普段よりもゆっくりと開けた扉の先、真っ暗な部屋の中にベッドの上がこんもりと盛り上がっているのが、暗闇にまだ慣れていない目でも見ることができた。
「リン、入るね」
「……」
沈黙を保ったままだけれど、寝てはいないようだ。私の声に反応して、こんもりとなっている掛け布団が少し動いたのだから。
「――座るよ、リン……よいしょっと」
ぎし、と私の体重でベッドが沈む音が鳴るともぞりと動く塊は沈黙を保ち布団の中に潜ったままで、出てくる気配がない。その姿に苦笑を浮かべる私は体をよじり、布団からはみ出ている彼女の頭に手を置くのだった。

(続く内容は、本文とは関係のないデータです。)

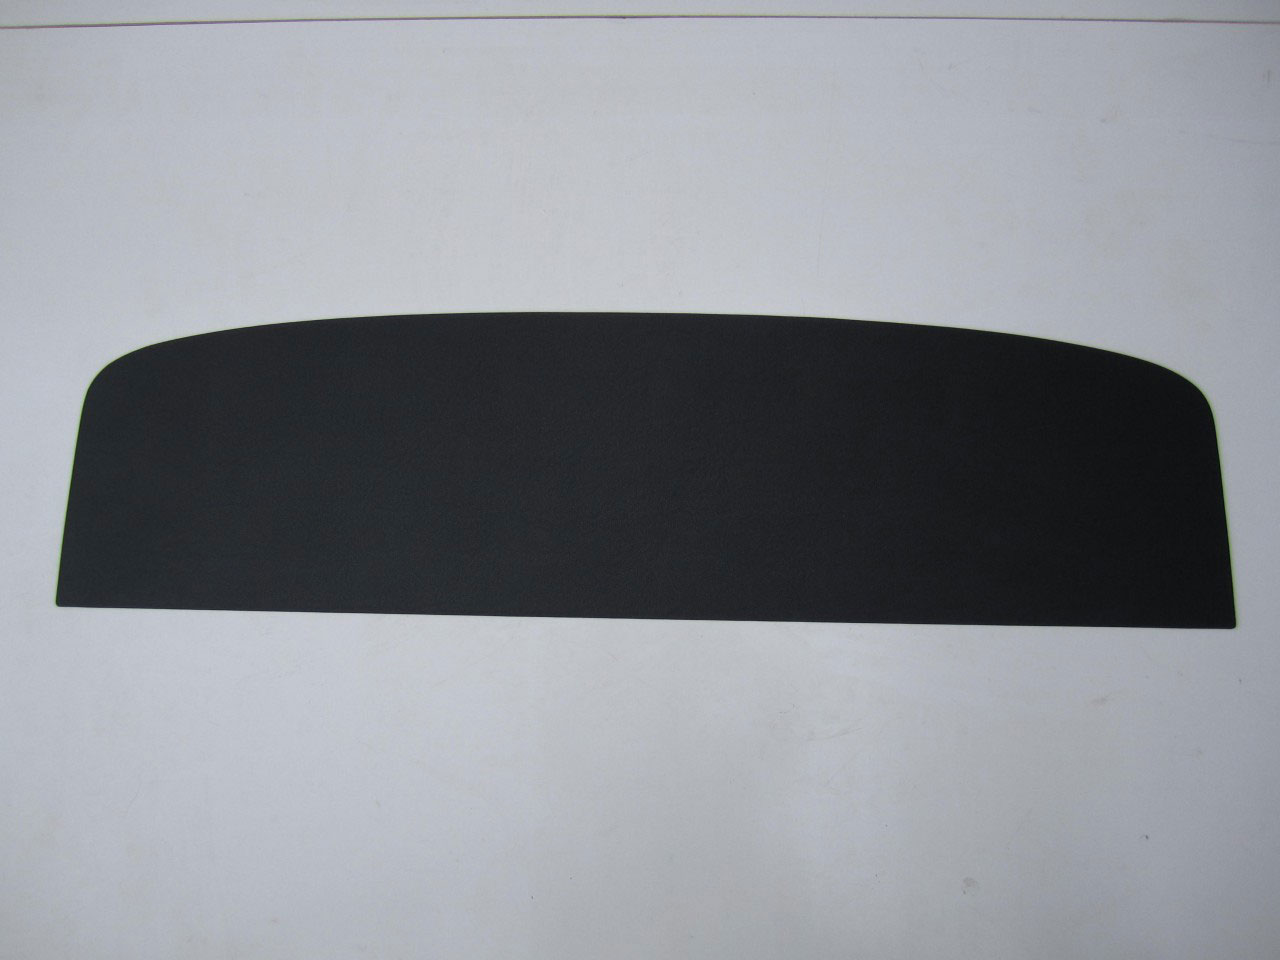 Holden Monaro HT Monaro GTS Coupe 10Y Black & Houndstooth Parcel Shelf (Image 1 of 1)

普段から喋る方でもなく、私たちの会話を咀嚼するように静かに聞いていることが多い。部屋から出て行ってしまった気まずさもあるのだろう。
「正直、リンがあんなに怒るなんて驚いた。私は二人が伯爵さまの家の子になっても、離れるだなんて考えていなかったから……」
二人が伯爵さまの籍へ入れば嫌がらせのほとんどは止まるはずだ。聖女の護衛を続けるのならば、良い盾となってくれるだろう。
「私は伯爵さまの下へ二人が行くことが悪い話だとは考えてないよ」
伯爵さまに悪評や悪い噂があるならば『止めておけ』と公爵さまに忠告されるはず。それがないということは『個人』として問題ないのだろう。
「私の側に居れば学院でも……多分卒業してからも絡まれることが一杯あるだろうから、そういう意味でも伯爵の名前の恩恵は大きいだろうなって」
「…………」
リンの頭を撫でていた手をゆっくりと離して、もう一度口を開く。
「でも、それって私の勝手な考えに過ぎないから。――リンとジーク……二人で考えて答えを出さないとね。私は二人が出した答えならどちらでも肯定するよ。……言いたいことは言えたから、おやすみ、リン」
ベッドから立ち上がろうとした瞬間に私の袖口へとリンの手が伸びていた。それに気付いて中途半端になっていた腰をベッドへと戻して、布団から覗かせているリンの顔半分を見て笑う。
「どうしたの?」
「……ナイは、どこにも行かない?」
「どこにも行かないよ。――行くところもないからね」
お金はあるので生活には困らないけれど、住む所を新しく探すとなると大変だ。王都の平民が多く住む区域の賃貸物件はほぼ満室で、地方からの移住者が空き待ちをしていると聞く。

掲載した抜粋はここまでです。